Lindemann sagt: „Zu schnell werden gelegentlich nicht zutreffende Schlüsse aus Erhebungen gezogen". Was heißt hier schnell? Der Missbrauch von Medikamenten in der Hühnermast findet doch nicht erst seit letztem Monat statt. Die ersten Presseartikel zum Medikamentenmissbrauch erschienen bereits vor rund 10 Jahren. Wo waren da die Behörden? Wie groß war der Verhinderungsdruck der Lobbyisten aus der Pharmaindustrie? Das Robert-Koch-Institut hatte bereits am 7. Februar 2001      eine Pressemitteilung zu diesem Thema herausgegeben.

Lindemann sagt: "Vorschnell wurde die Tierhaltung als hauptsächliche Ursache für die Resistenzentwicklung dieses Krankheitserregers gegen Antibiotika verantwortlich gemacht." Die besonders gefürchteten MRSA- Erreger wurden laut eines Berichts des Bundesinstituts für Risikobewertung in 25% des verkauften Hühnerfleischs und in 43% des Putenfleischs gefunden. In 52% aller Schweineställe wurden MRSA Erreger nachgewiesen. Auch im Tauwasser von Tiefkühlhähnchen fand das Hamburger Hygieneinstitut MRSA-Keime.

Lindemann sagt: "Untersuchungsergebnissen zufolge sind die normalerweise beim Menschen vorkommenden multiresistenten Keime zumeist nicht dieselben, die in der Tierhaltung vorkommen." Nach dieser Aussage könnte man annehmen, dass die MSRA-Bakterienstämme aus Krankenhäusern, auf deren Konto jährlich mehrere tausend Todesfälle in deutschen Krankenhäuser gehen, das eigentliche Problem sind. Die harmlosen MSRA-Bakterienstämme aus der Massentierhaltung brauchen nicht beachtet werden. Diese kommen in Krankenhäusern nicht vor. Weshalb werden dann in vielen deutschen Krankenhäusern sogenannte Risikopatienten, Veterinärmediziner und Bauern, vor der Aufnahme auf MRSA getestet?  Menschen können sich durch direkten Kontakt mit den Tieren anstecken, durch Nahrungsmittel tierischen Ursprungs oder durch die Ausscheidungen der Tiere, die in die Umwelt gelangen bzw. durch gedüngte Pflanzen wieder in die Nahrung des Menschen kommen. Um diese Entwicklung nicht weiter zu unterstützen, rät die EFSA von der Antibiotika-Behandlung von Tieren ab, die der Lebensmittelgewinnung dienen. Es besteht die Möglichkeit, dass sich die unterschiedlichen MRSA-Stämme genetisch verbinden. In diesem Fall ist damit zu rechnen, dass dieser "Killerkeim"  großen Schaden an der Gesundheit der Menschen anrichten wird.
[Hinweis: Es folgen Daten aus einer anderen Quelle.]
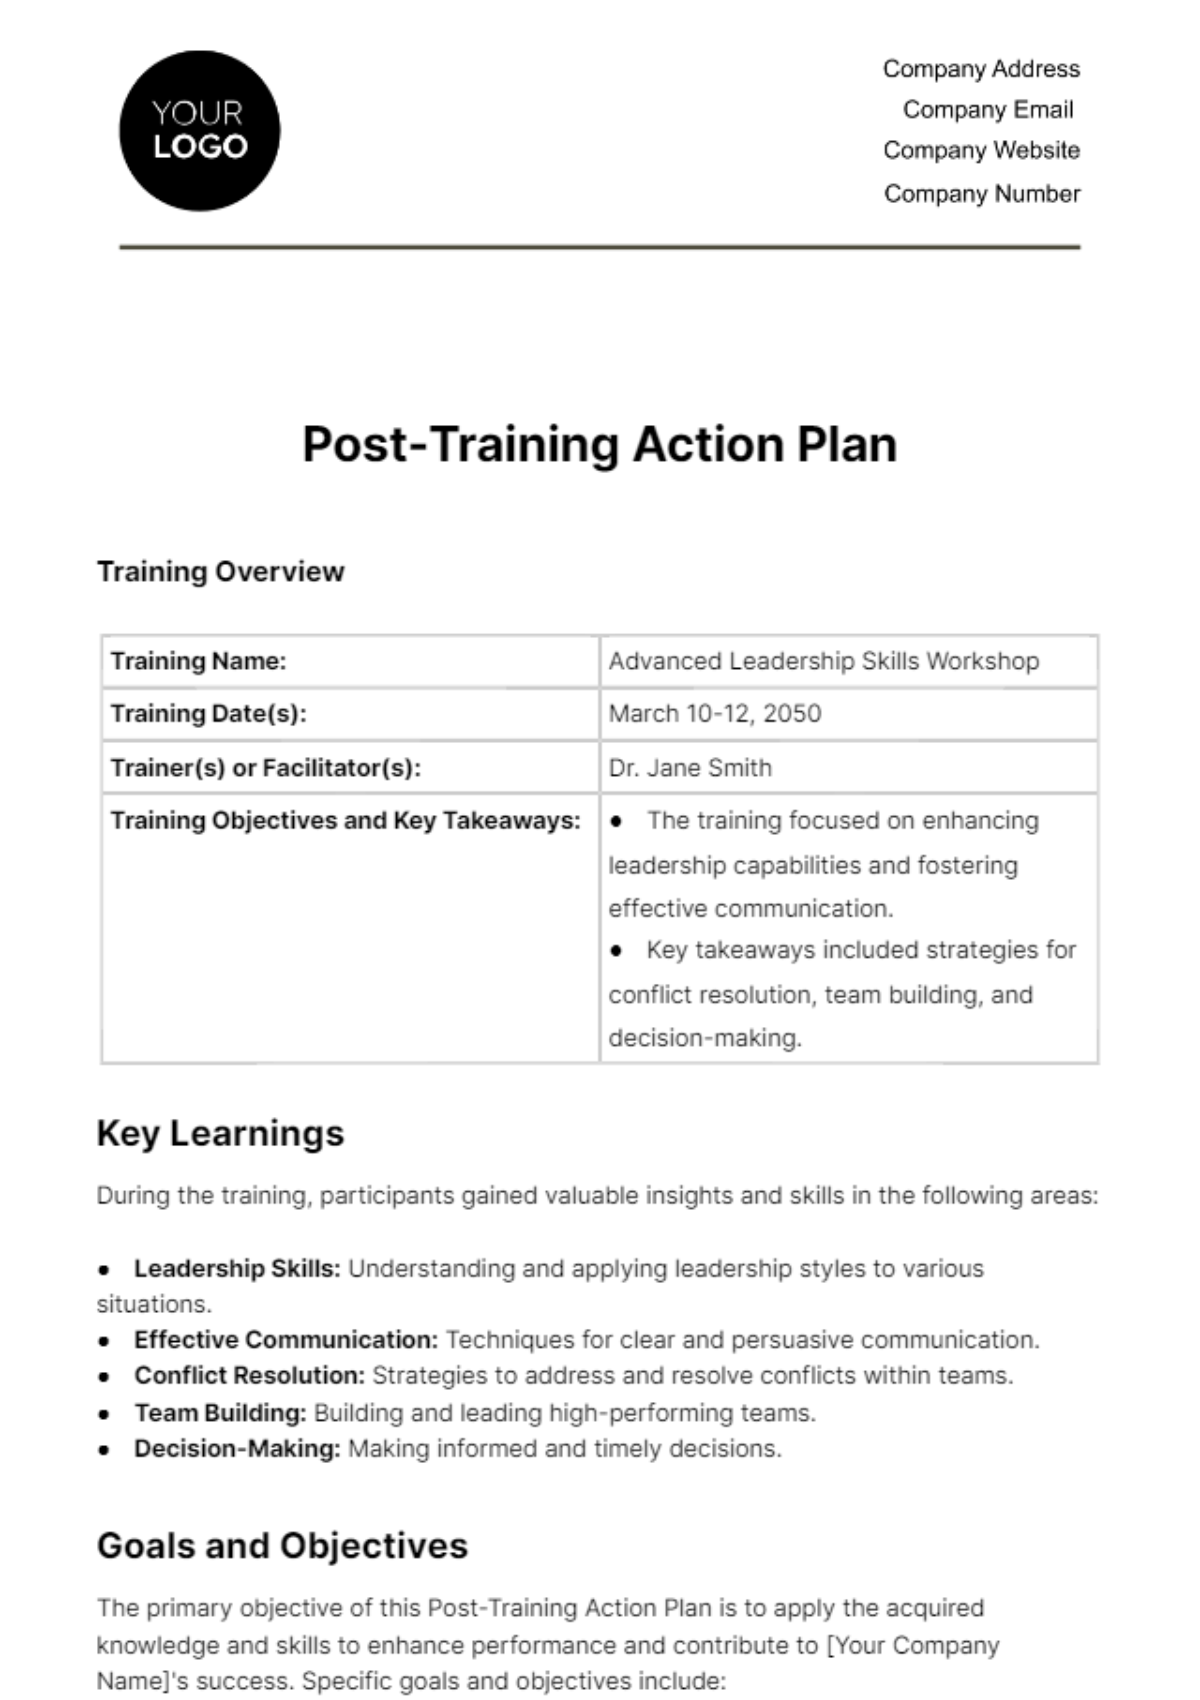 Post-Training Action Plan HR Template

Die Süddeutsche Zeitung berichtet: "Der frühere Vizepräsident der bayerischen Landestierärztekammer Rupert Ebner wirft Großmästern und auch Tierärzten massiven Medikamentenmissbrauch vor. Auf diese Weise werde eine Tierhaltung ermöglicht, die ohne den Einsatz etwa von Schmerzmitteln gar nicht denkbar wäre".